Significance of ratio Analysis
The explanation of financial information and financial reports is vital for the stakeholders of the company. Ratio analysis is, therefore, a crucial methodology in financial management and analysis.
The importance and objective of conducting a ratio analysis are to assess businesses and their financial performance in terms of profitability, risk, efficiency, and solvency ( Harbour, 2017) . Ratio analysis assists businesses to make comparisons of two different trends over time. The interpretation of ratios is vital to both external and internal stakeholders for decisions making. As each stakeholder require different information form the ratios, it is imperative to analyze the results and trends in the market carefully. For instance, investors would like to know the growth in dividends, while creditors may be interested in ensuring they get repaid.

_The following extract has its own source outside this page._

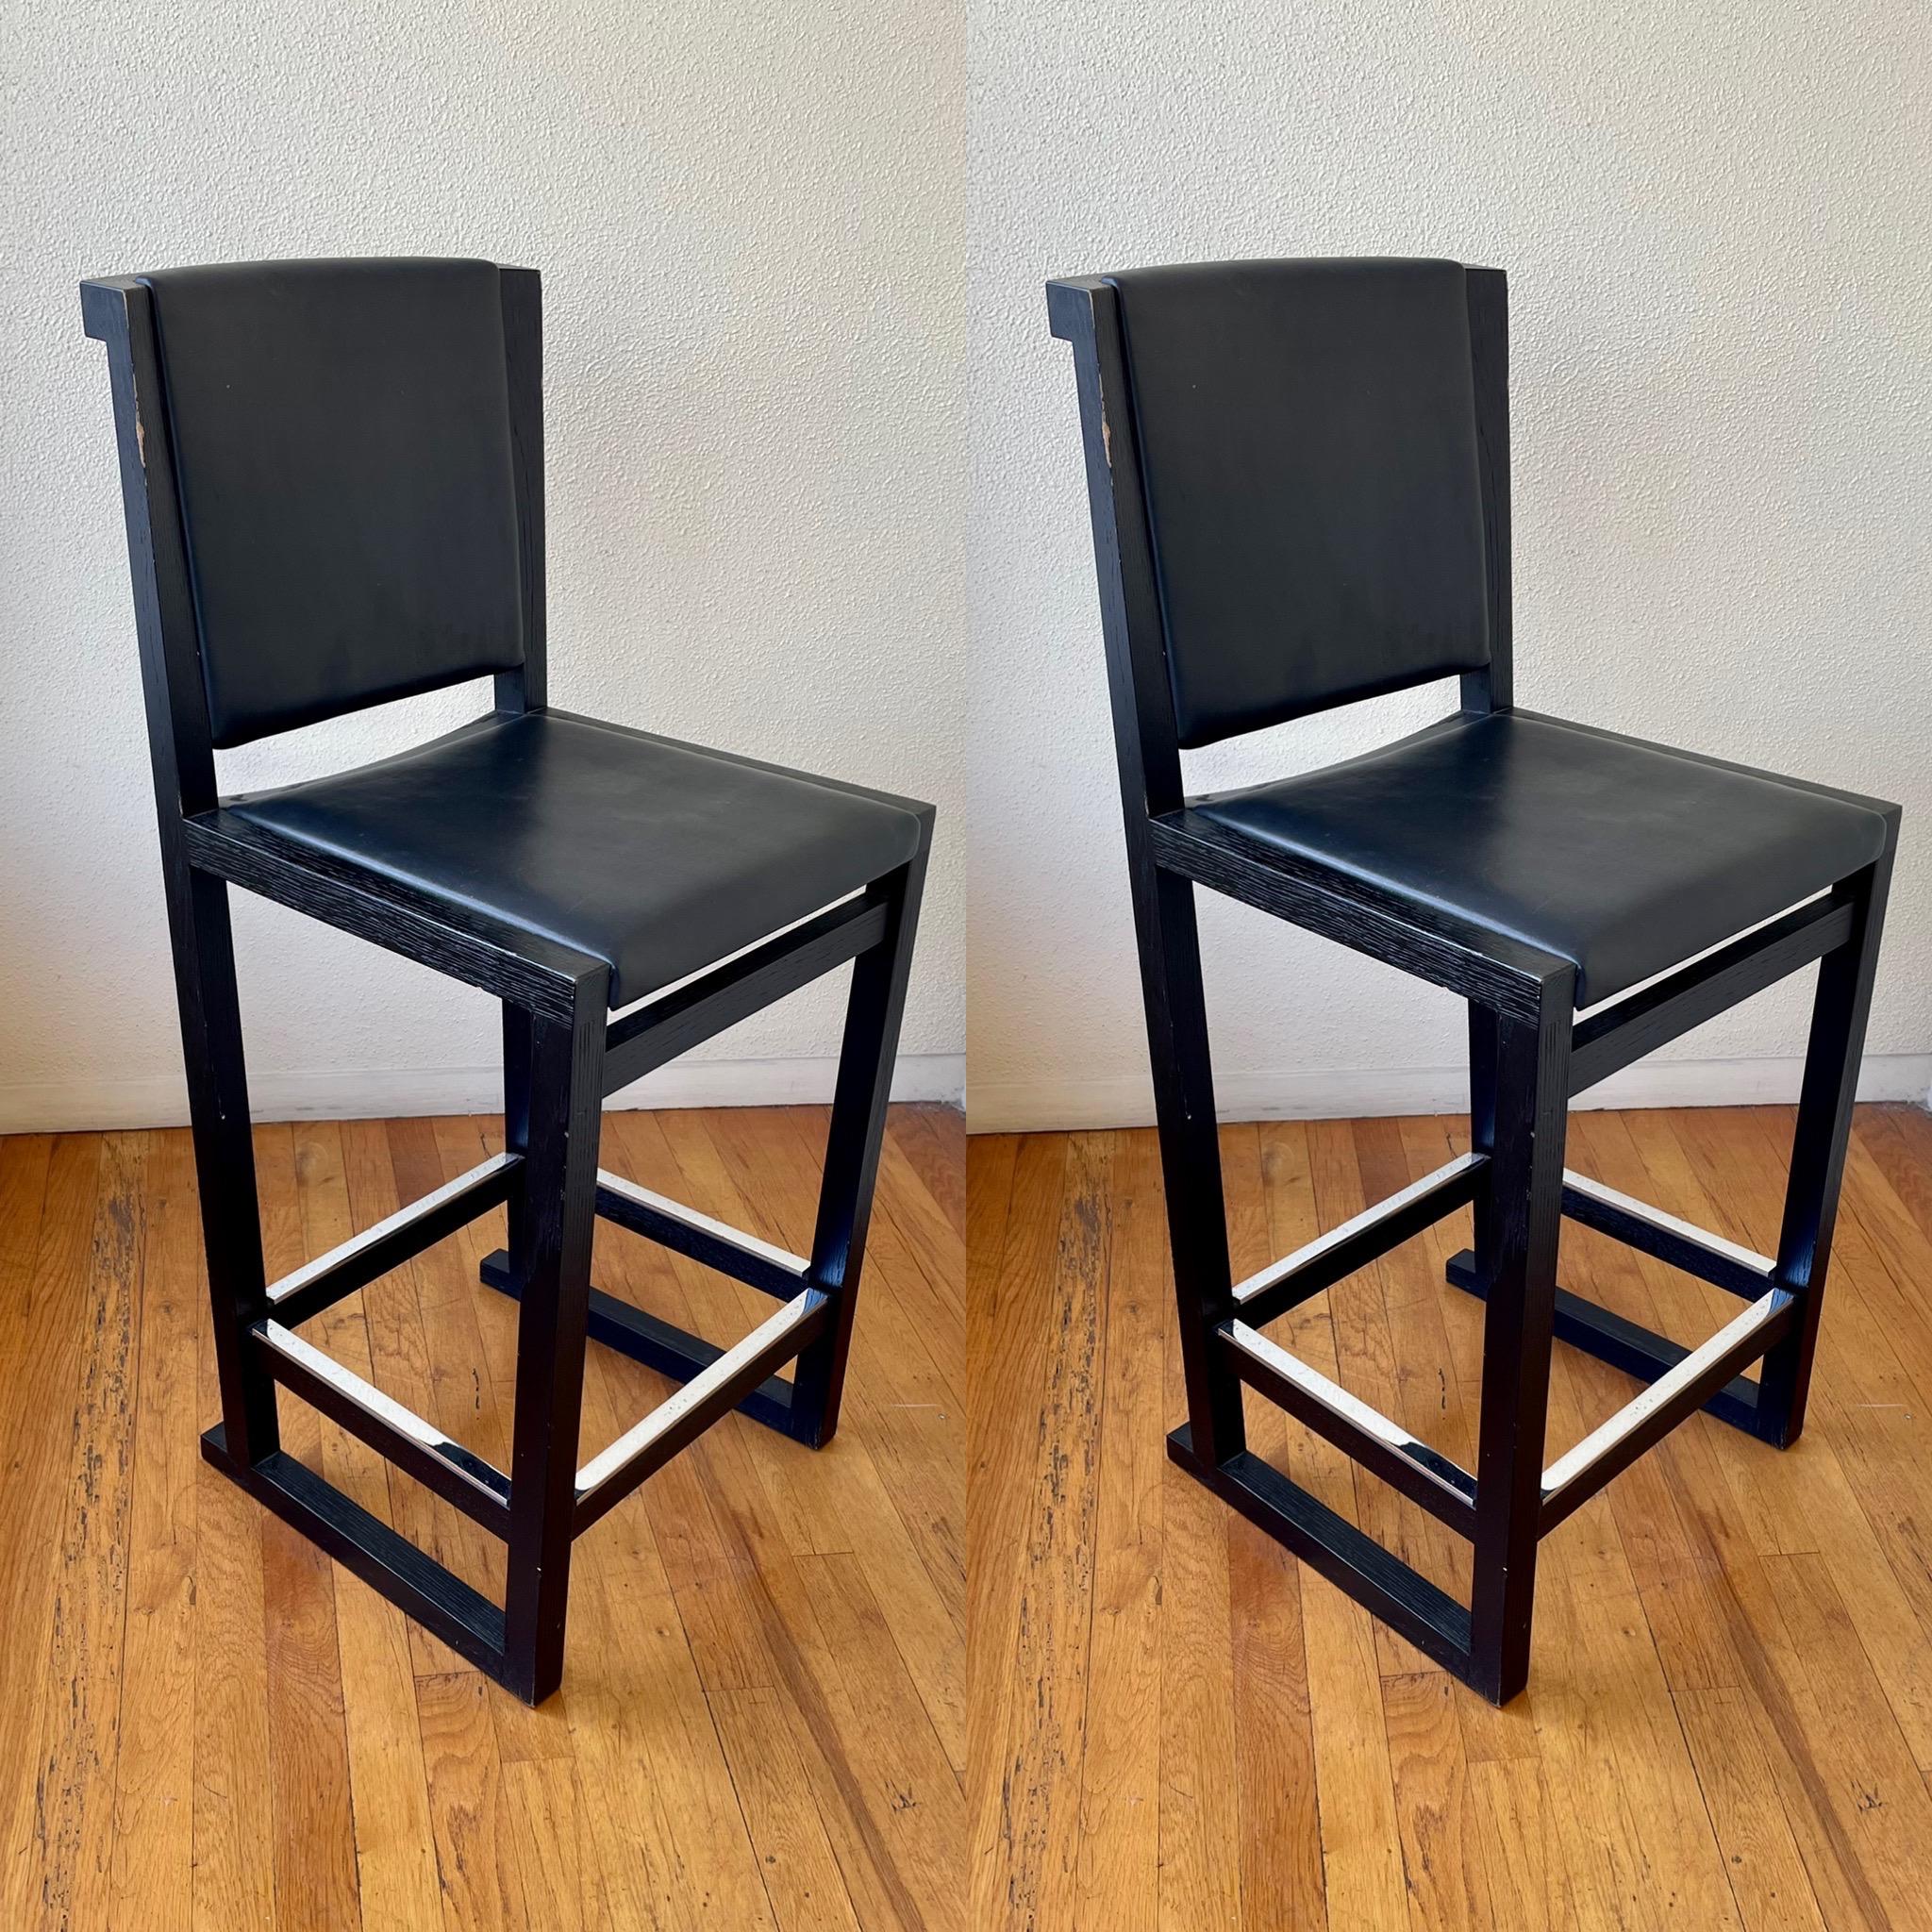 Great pair of solid oak ebonized frames barstools with leather seat and back and chrome footrest we have polished and cleaned the chrome to our best buts show wear and pitting due to age.

Ratio analysis assists in understanding the profitability of the department under consideration. The ratios return on equity and return on assets evaluate the capacity of the firm to generate profits. The return on assets tries to establish how much the company will earn from every dollar of their assets. Other ratios, such as net profit and gross profit margins, assess the capacity of the business to translate revenues into profits.

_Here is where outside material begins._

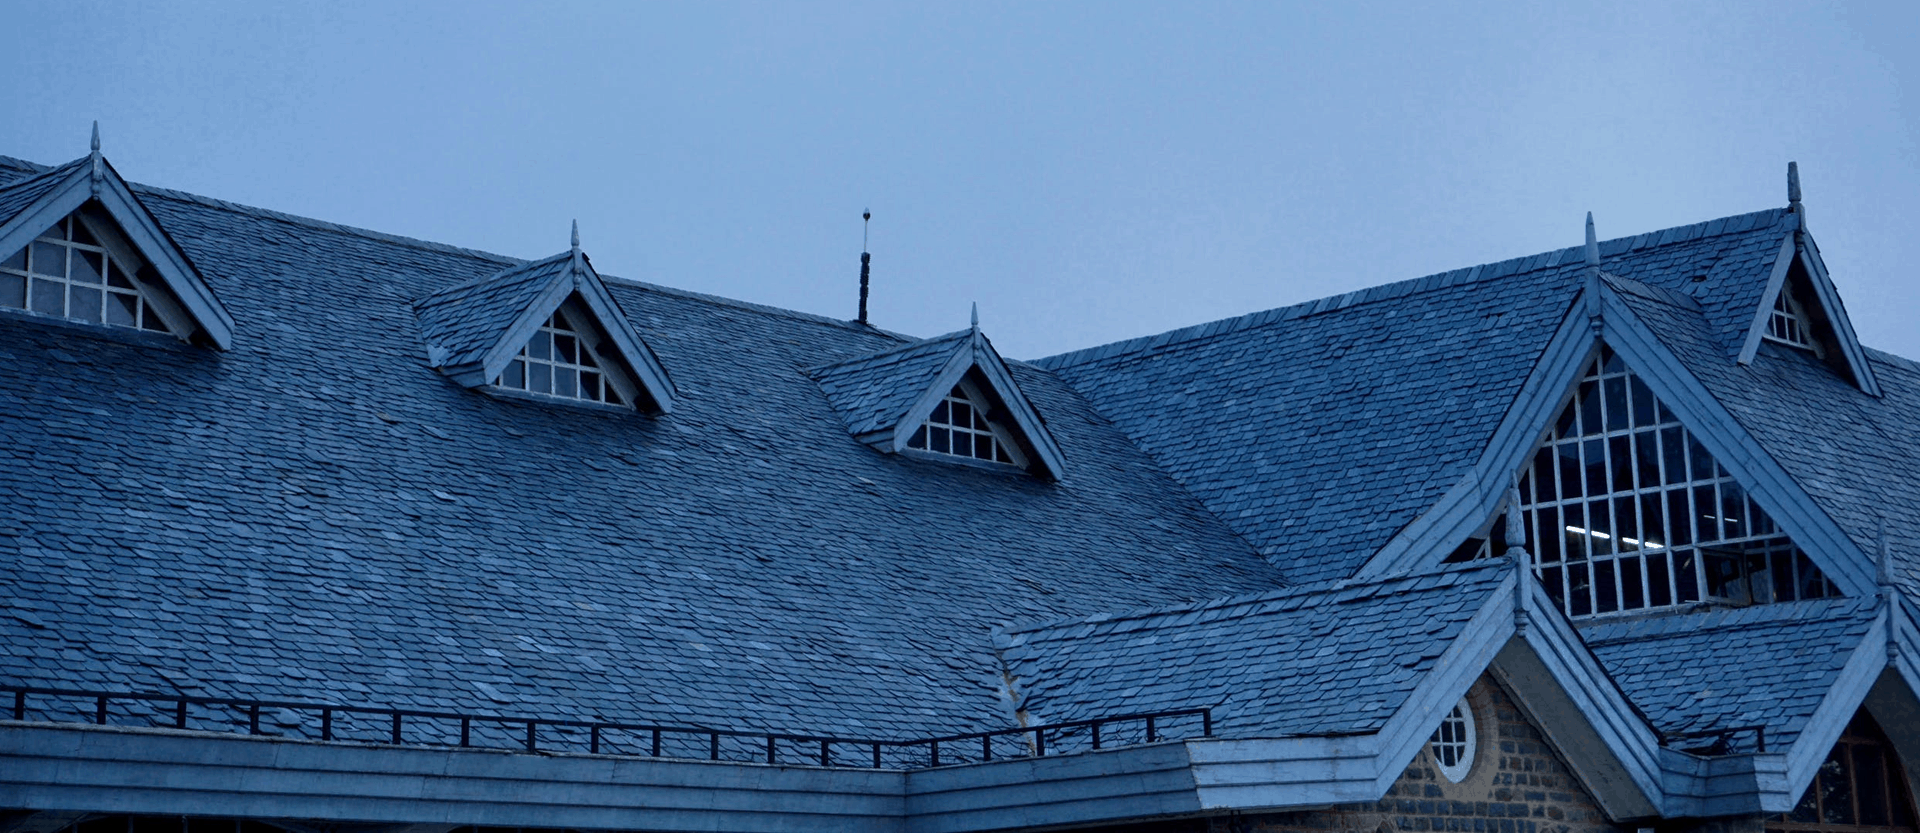 Photo of a large roof with shingles and gutter guards, taken at twilight

Ratios analyze the operational efficiencies of departments, for instance, the activity or efficiency ratios. When compared with other businesses in the industry, such ratios can tell us how the company is performing. They also measure the capability of the business to generate earnings using available assets. The ratios take into consideration the time it takes to collect debts from debtors or time it takes to convert inventories into cash.

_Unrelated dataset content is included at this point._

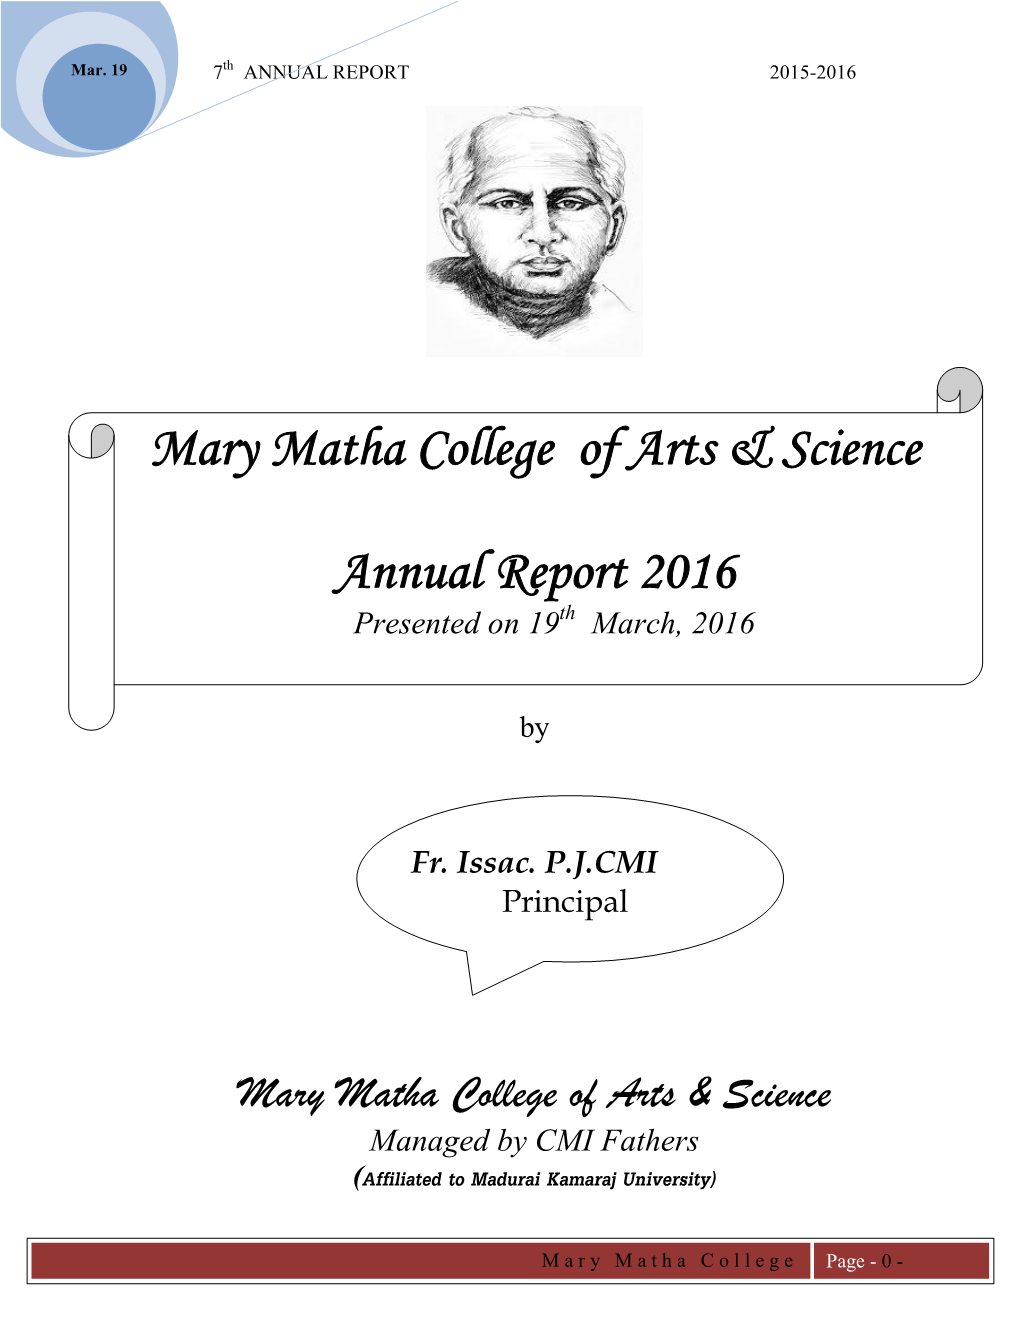 Mary Matha College of Arts & Science Annual Report 2016

Ratios assist us in establishing whether the company has enough assets to cover the short-term obligations usually of 12 months maximum. These are computed using the current ratios. Moreover, they aid in the identification of various business risks. The computation of operating and financial leverage aid in the determination of business risks. Ratios also evaluate the financial risk of the business. They determine the level of dependency on external capital and ascertain whether the company is capable of repayments. In this regard, the use of ratio analysis is vital for businesses, as they assist the management in evaluating performance, planning and forecasting the future of the company.
When the concept of ratio analysis is employed correctly, it shines a light to the various problems organizations are facing in the modern business world. They are usually whistleblowers and the draw the attention of the management towards various organizational issues which require attention. Ratios are vital in assisting in disapproving or validating any investment or financing decisions in the business. They summarize financial statements is comparative values which assist the management in comparing and evaluating the financial position of the organization and the outcomes of their decisions. Ratios also simplify the complex nature of financial information and reports into separable ratios of financial efficiency, operational efficiency, long-term situations, and solvency. Normally, an organization like Lennar Homes would be interested in making comparisons with the industry averages to determine their performance. Due to the stiff competition in the construction industry in the United States, striving to attain competitive advantage is imperative. Through the utilization of ratios, the company can establish trends using historical data from the market, and know their competitive position in the industry. In addition, it is essential to understand the position of competitors in order to establish effective methodologies of attaining competitive advantages.
When utilizing the ratio analysis performance measures for Lennar Homes, they could come with their limitations in the evaluation of performance. For instance, changes may be made to the annual financial statements to improve such rations with the intention of manipulating the performance of the business. this will deem such ratios ineffective for decisions making. Also, ratios deal with the quantitative aspect of the business and ignore the qualitative aspects like customer satisfaction. For the home building department, the financial ratios will not solve any financial issues as they are a means to an end. They do not provide reliable solutions to the issues affecting the business.
Internal Controls
Internal controls are procedures, rules, and mechanisms which have been implemented by a company to detect and prevent fraud, promote accountability, and ensure the integrity of financial accounting data. Besides complying with set rules and guidelines, and assisting in the prevention of fraud, internal controls aid in the improvement of business efficiency by enhancing timeliness and accuracy in financial reporting ( Kumar & Sharma, 2015) . In the contemporary business world, internal controls are have become vital elements in business. In the United States, many businesses have embraced their use due to the accounting scandals in early 2000. Hence, the Sarbanes Oxley Act of 2002 was established to safeguard investors from fraudulent activities of accounting practices, and develop dependability and accuracies in business disclosures ( Hoag, Myring , & Schroeder, 2017) . This has impacted corporate governance in which the management has been responsible for establishing audit trails and financial reporting.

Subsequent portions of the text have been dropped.